RealLivePlumber said:


> Uhh, it will absolutley, positively freeze. Without a doubt. I don't care how much insulation is there.
> 
> Insulation will only DELAY a freeze. It WILL NOT prevent it.
> 
> You can take that to the bank, bud.


So why don't hot and cold water lines freeze then! Ask the Bank that question! hahaha. Don't get all up tight friendly debate here!


----------



## U666A (Dec 11, 2010)

vinpadalino said:


> So why don't hot and cold water lines freeze then! Ask the Bank that question! hahaha.
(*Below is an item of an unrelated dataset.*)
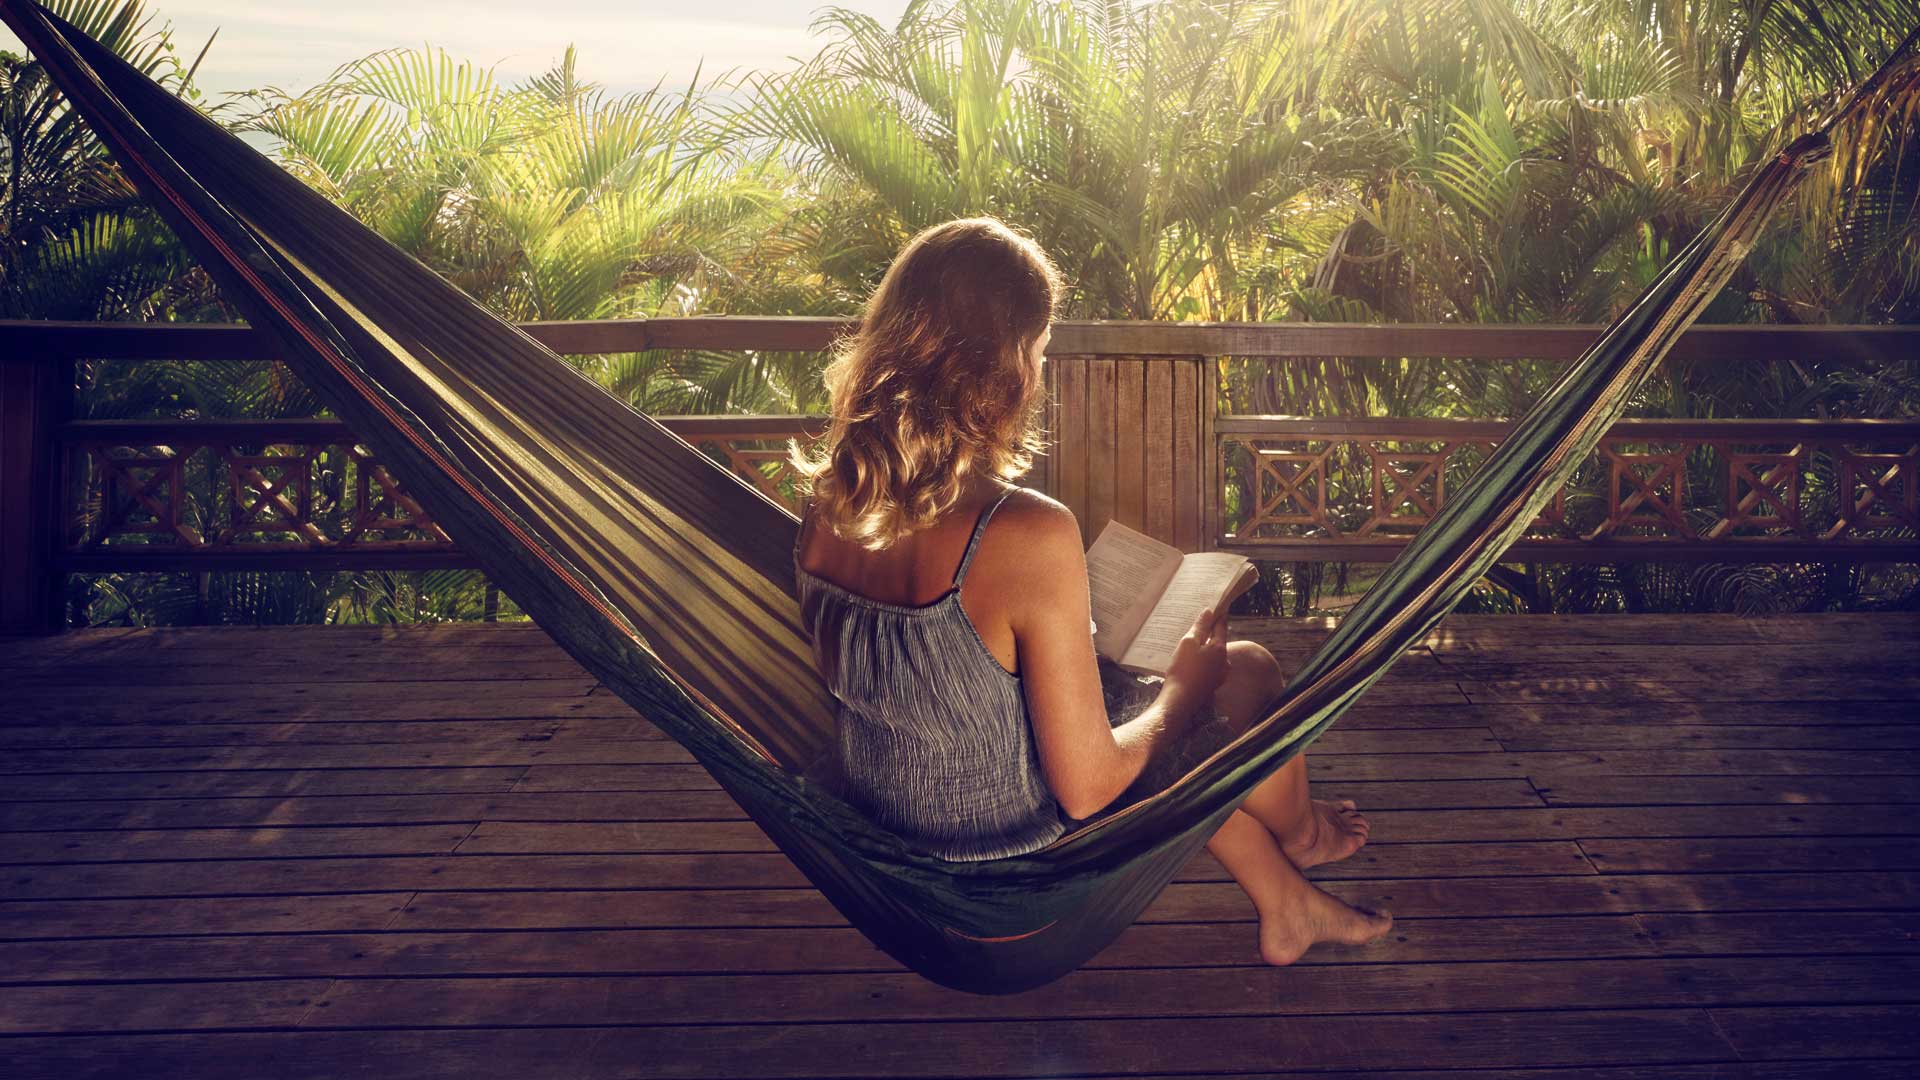 A girl reading a book in a hammock

Don't get all up tight friendly debate here!


They do, all the time...

Sent from my iPhone using PlumbingZone


----------



## OldSchool (Jan 30, 2010)

vinpadalino said:


> So why don't hot and cold water lines freeze then! Ask the Bank that question! hahaha. Don't get all up tight friendly debate here!


Yah any water line will freeze regardless if it is insulated or not if the water has time to reach freezing point.... if the water moves periodically then it will not freeze if there is enough insulation.

However.... most of our frozen pipes are because there is air leakage in the insulation allowing the freezing air to freeze the pipe....

Boils down to bad insualtion job...

I have had pipes freeze 12 ft inside the house from bad insulation and vapour barrier jobs.. cold air shoot between the floor joist of the finnished ceiling and eventually freezes the pipe and it splits.


----------